The Role of Self-Incompatibility and Sexual Selection in the Gymnosperm-Angiosperm Transition: A Hypothesis

Abstract

Self-incompatibility is viewed as a mechanism by which the female can evaluate the quality of the male gametophyte. This does not preclude its function as an outbreeding mechanism, but rather expands its role as a means to mediate the quality of the offspring by the female. The early angiosperm self-incompatibility system is envisioned as consisting of stigmatic recognition, with an incompatible combination resulting in carpel abortion. The morphological transition from the gymnospermous to the angiospermous condition (i.e., the placement of sterile sporophytic tissue between ovules and pollen) occurred concomitantly with a change in the timing of mate assessment (postzygotic to prezygotic).

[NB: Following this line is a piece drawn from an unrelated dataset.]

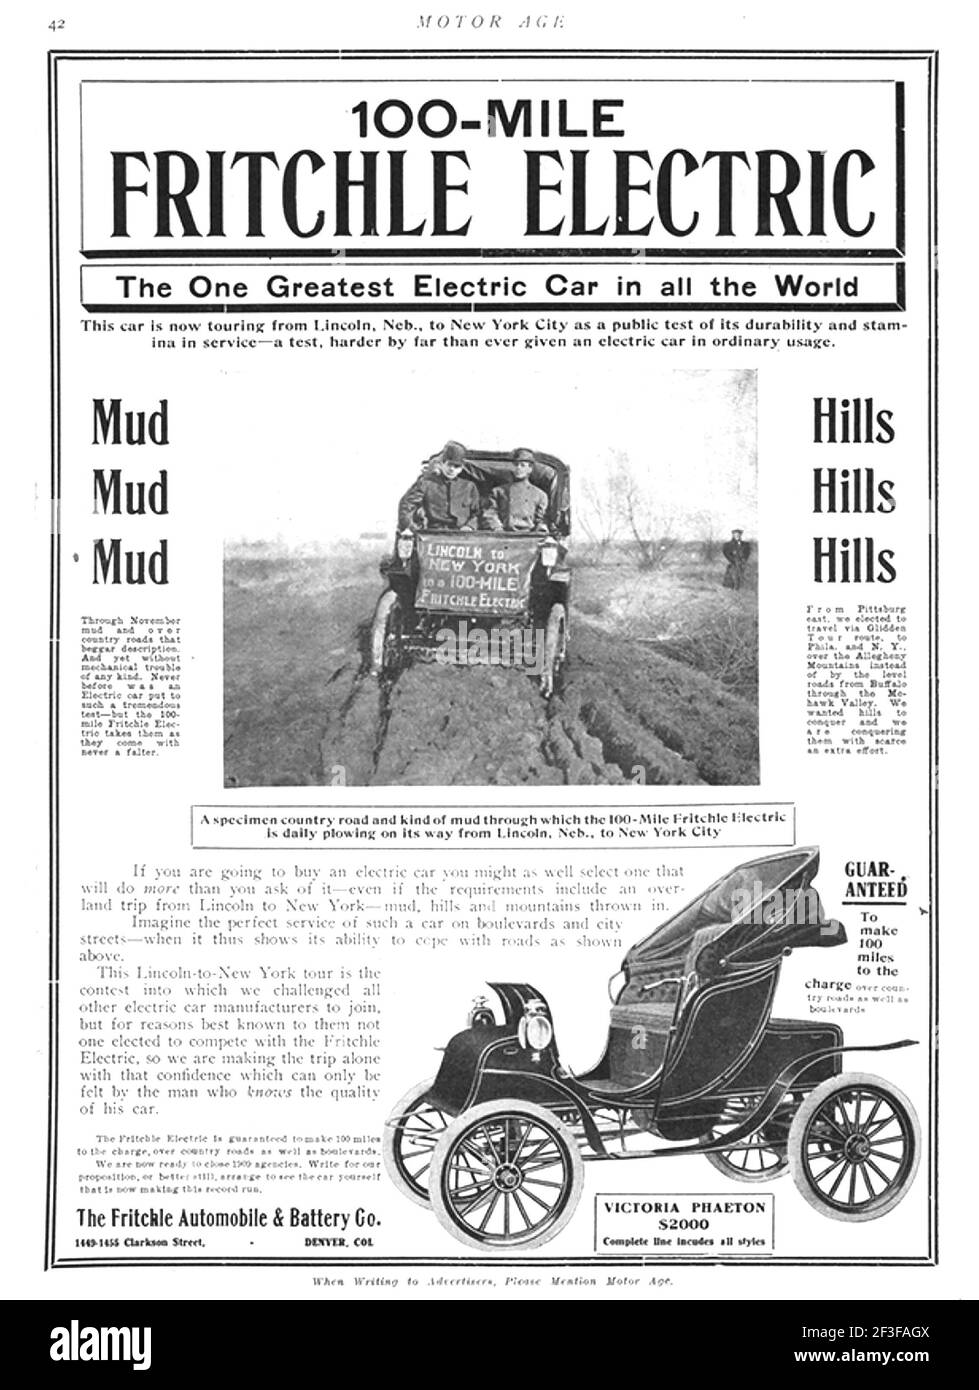 OLIVER FRITCHLE (1874-1951) químico estadounidense y pionero del vehículo eléctrico. Informe contemporáneo sobre su épica conducción de 1800 millas en un coche Victoria Phaeton estándar en 1908 de Lincoln a Nueva York Foto de stock

The selective impetus for the evolutionary development of the closed carpel is hypothesized to be the origin of self-incompatibility rather than solely a means of protection. This shift in timing prevents mechanisms that were effective for reducing male competition in gymnosperms and intensifies male competition in angiosperms (Mulcahy 1979, 1981). Thus, strong selective pressure was exerted on the male to develop alternative mechanisms for increasing its chances of acceptance by the female in angiosperms. The evolutionary development of accessory floral parts and the morphological modification of these parts to influence insect behavior might be viewed as male mechanisms to better ensure more-efficient transfer of pollen to a receptive female, thus improving its chances of acceptance by the female (cf. Willson and Burley 1983). The evolution of various insect-pollination syndromes, especially those involving faithful pollinators, is considered one of the most important events to have influenced the morphological diversity subsequently observed in angiosperms in the Cretaceous (Crepet 1979, 1983, 1984, and references therein; Mulcahy 1979).